◆ Material provided
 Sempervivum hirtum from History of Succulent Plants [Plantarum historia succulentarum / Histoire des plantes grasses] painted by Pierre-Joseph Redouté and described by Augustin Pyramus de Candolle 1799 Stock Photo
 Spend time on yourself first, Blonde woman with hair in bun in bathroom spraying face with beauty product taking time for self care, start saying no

==

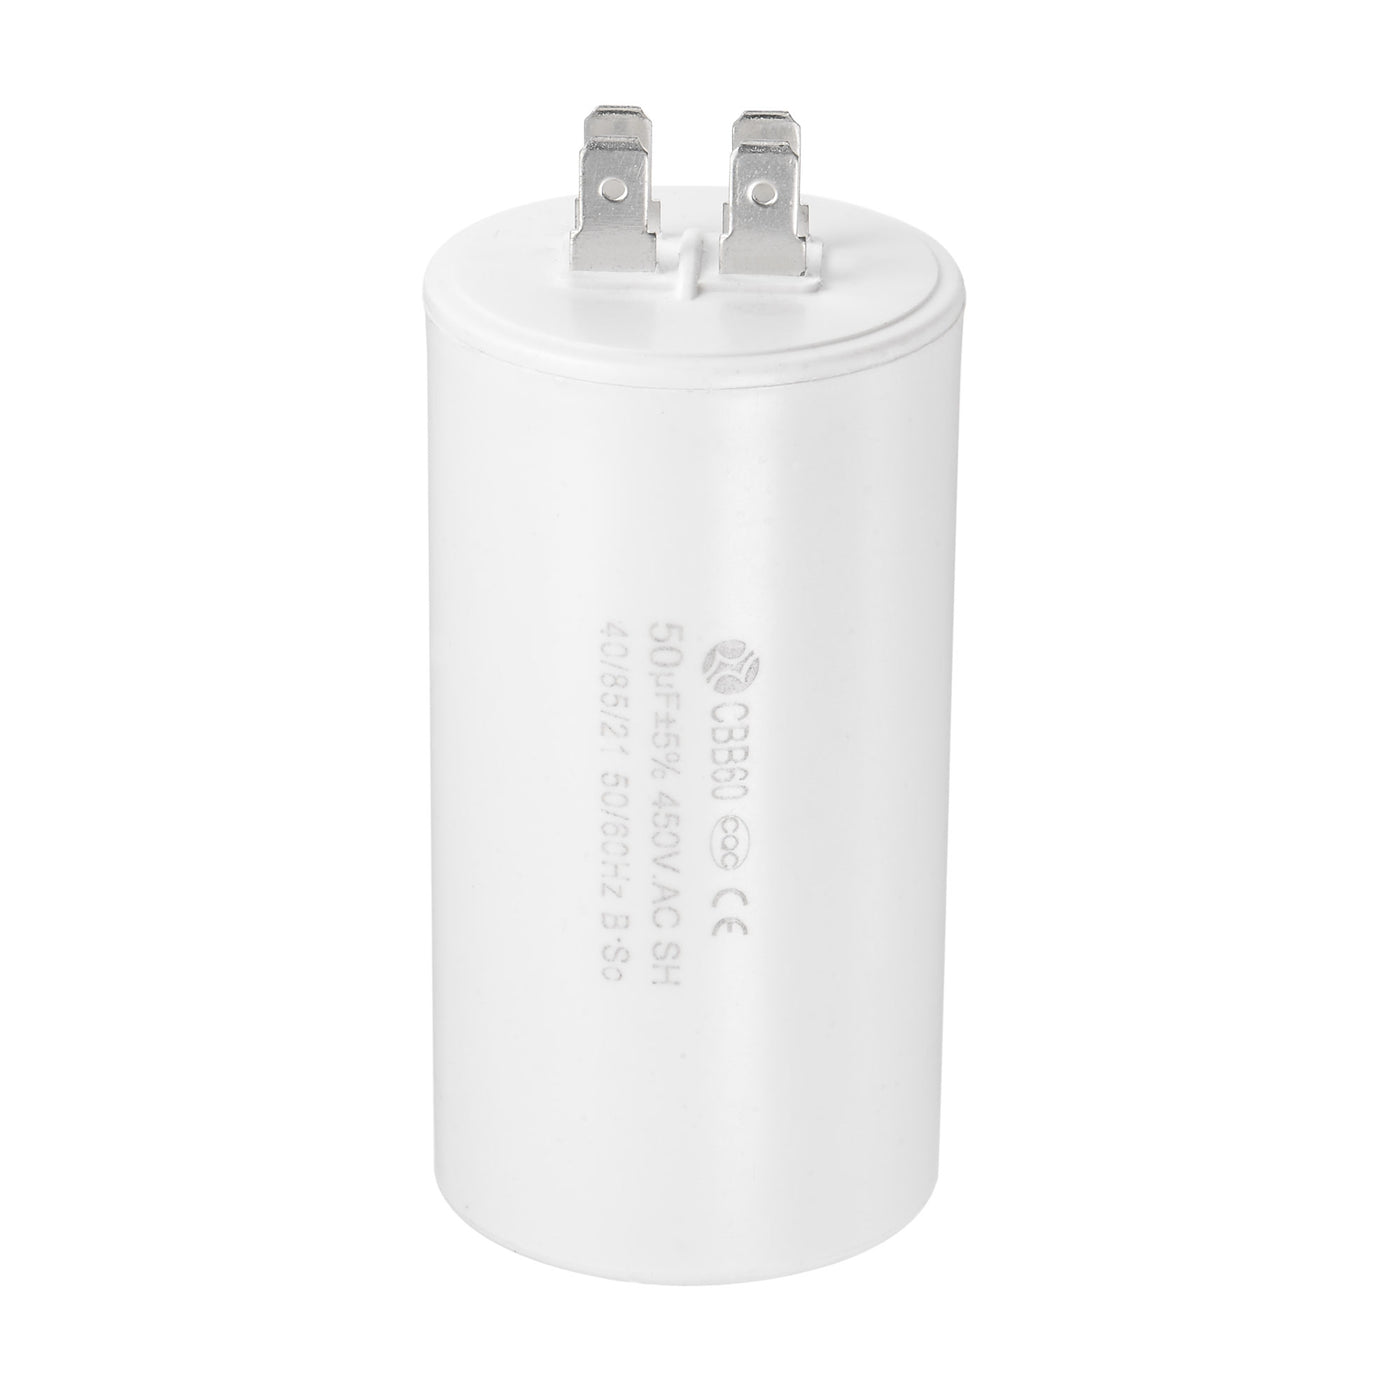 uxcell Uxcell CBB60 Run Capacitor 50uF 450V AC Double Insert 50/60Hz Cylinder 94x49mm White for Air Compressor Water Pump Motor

◆ Aim of the task
Your task is to restate, word for word, only those lines above that fall between the line holding "Sempervivum hirtum from" and the line holding "Spend time on", inclusive.

◆ Response below
 Sempervivum hirtum from History of Succulent Plants [Plantarum historia succulentarum / Histoire des plantes grasses] painted by Pierre-Joseph Redouté and described by Augustin Pyramus de Candolle 1799 Stock Photo
 Spend time on yourself first, Blonde woman with hair in bun in bathroom spraying face with beauty product taking time for self care, start saying no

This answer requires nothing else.